Large lax reflexive globular maps

Content created by Egbert Rijke.

Created on 2024-12-03.
Last modified on 2024-12-03.

{-# OPTIONS --guardedness #-}

module globular-types.large-lax-reflexive-globular-maps where

Imports

open import foundation.function-types
open import foundation.universe-levels

open import globular-types.large-globular-maps
open import globular-types.large-reflexive-globular-types
open import globular-types.lax-reflexive-globular-maps
open import globular-types.reflexive-globular-types

Idea

A large lax reflexive globular map^¶ between two large reflexive globular types G and H is a large globular map f : G → H equipped with a family of 2-cells

  (x : G₀) → H₂ (refl H (f₀ x)) (f₁ (refl G x))

from the image of the reflexivity cell at x in G to the reflexivity cell at f₀ x, such that the globular map f' : G' x y → H' (f₀ x) (f₀ y) is lax reflexive.

Lack of composition for lax reflexive globular maps

Note that the large lax reflexive globular maps lack composition.
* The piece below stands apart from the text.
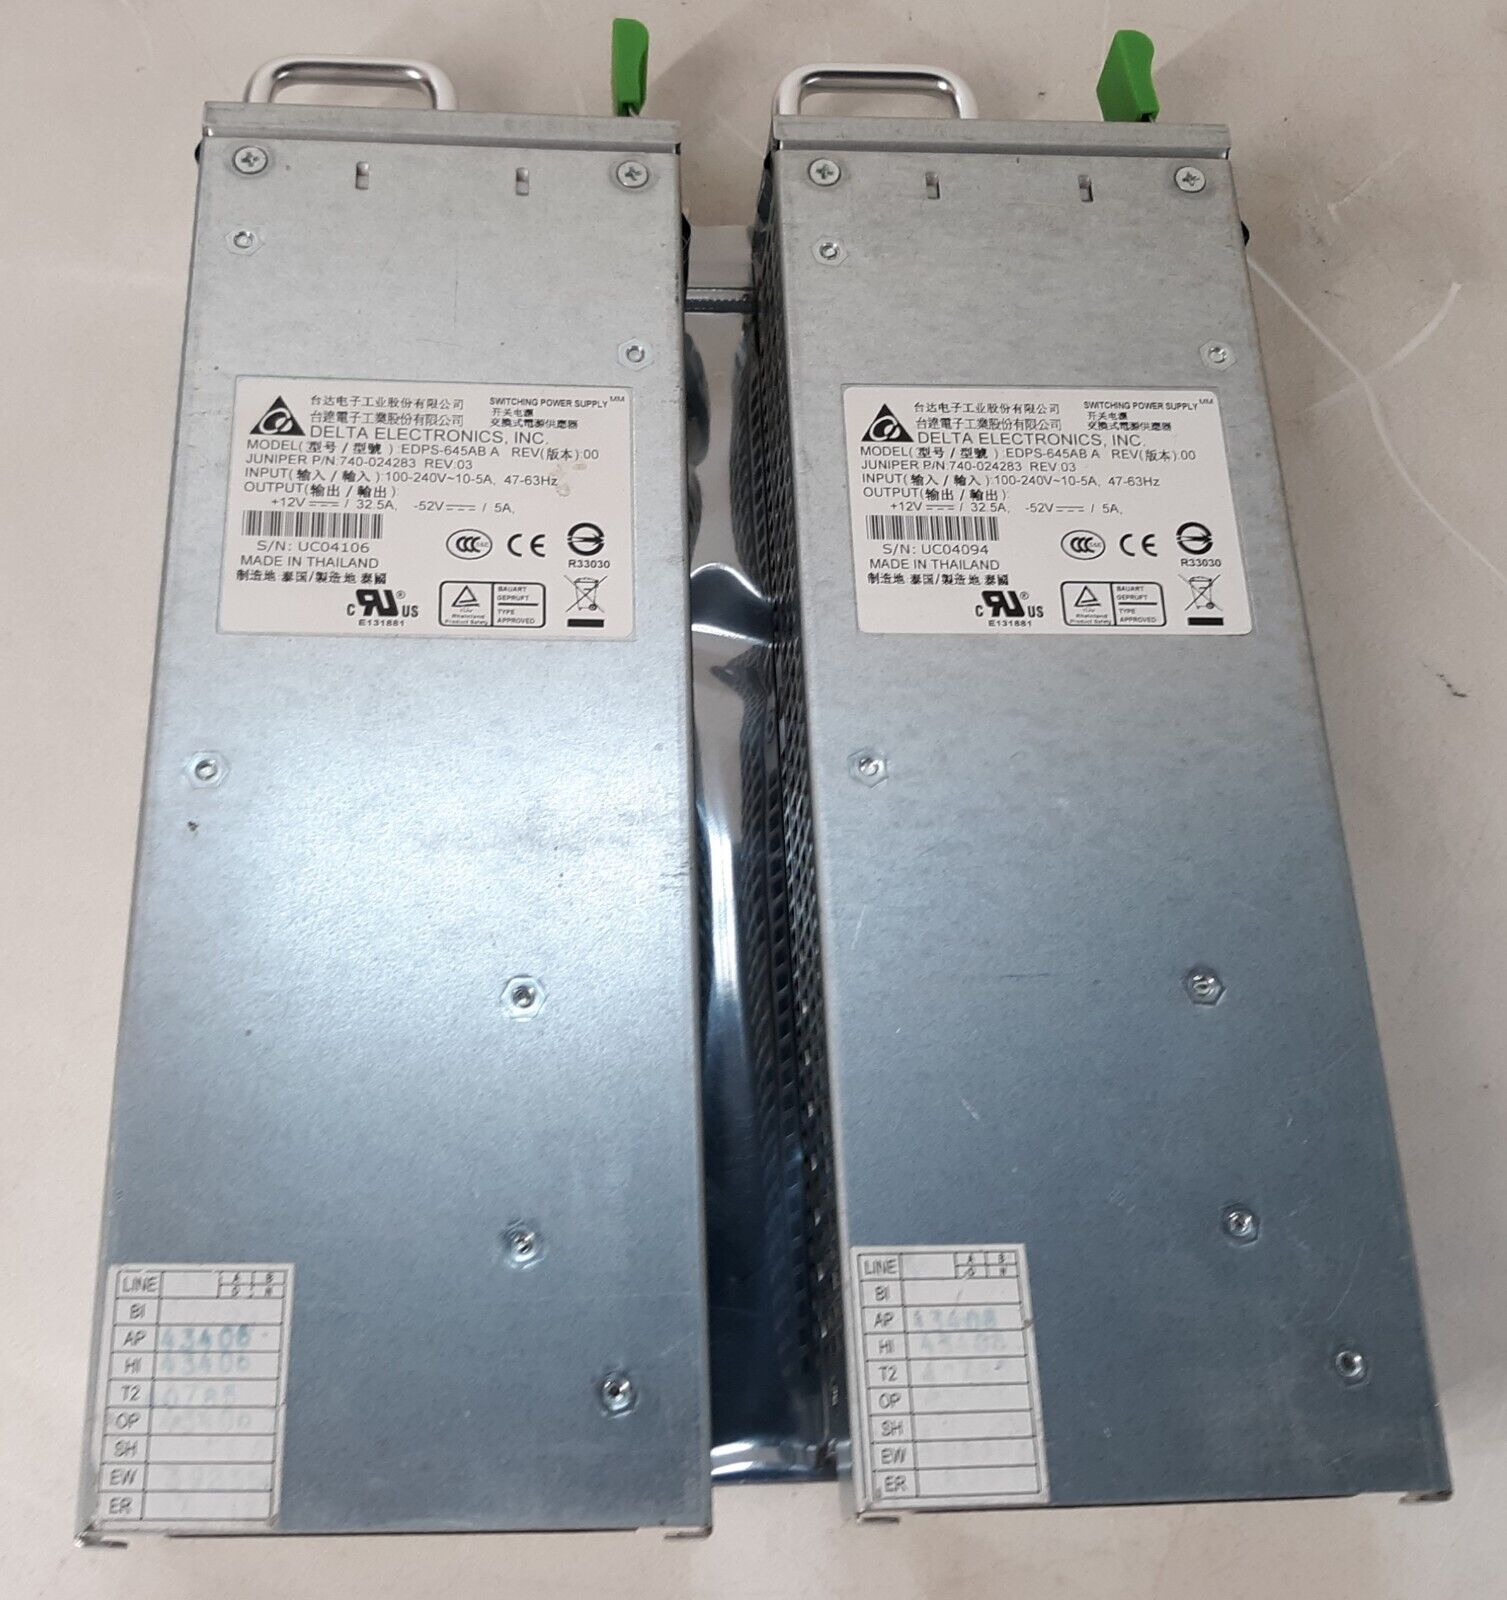 Pair of Juniper 740-024283 EDPS-645AB A Switching Power Supply *PULLED*

For the composition of g and f to exist, there should be a 2-cell from g (f (refl G x)) to refl K (g (f x)), we need to compose the 2-cell that g preserves reflexivity with the action of g on the 2-cell that f preserves reflexivity. However, since the reflexive globular type G is not assumed to be transitive, it might lack such instances of the compositions.

Lax versus colax

The notion of large colax reflexive globular map is almost the same, except with the direction of the 2-cell reversed. In general, the direction of lax coherence cells is determined by applying the morphism componentwise first, and then the operations, while the direction of colax coherence cells is determined by first applying the operations and then the morphism.

Definitions

The predicate of laxly preserving reflexivity

record
  is-lax-reflexive-large-globular-map
    {α1 α2 : Level → Level} {β1 β2 : Level → Level → Level} {γ : Level → Level}
    (G : Large-Reflexive-Globular-Type α1 β1)
    (H : Large-Reflexive-Globular-Type α2 β2)
    (f : large-globular-map-Large-Reflexive-Globular-Type γ G H) : UUω
  where

  field
    preserves-refl-1-cell-is-lax-reflexive-large-globular-map :
      {l1 : Level}
      (x : 0-cell-Large-Reflexive-Globular-Type G l1) →
      2-cell-Large-Reflexive-Globular-Type H
        ( refl-1-cell-Large-Reflexive-Globular-Type H)
        ( 1-cell-large-globular-map f
          ( refl-1-cell-Large-Reflexive-Globular-Type G {x = x}))

  field
    is-lax-reflexive-1-cell-globular-map-is-lax-reflexive-large-globular-map :
      {l1 l2 : Level}
      {x : 0-cell-Large-Reflexive-Globular-Type G l1}
      {y : 0-cell-Large-Reflexive-Globular-Type G l2} →
      is-lax-reflexive-globular-map
        ( 1-cell-reflexive-globular-type-Large-Reflexive-Globular-Type G x y)
        ( 1-cell-reflexive-globular-type-Large-Reflexive-Globular-Type H _ _)
        ( 1-cell-globular-map-large-globular-map f)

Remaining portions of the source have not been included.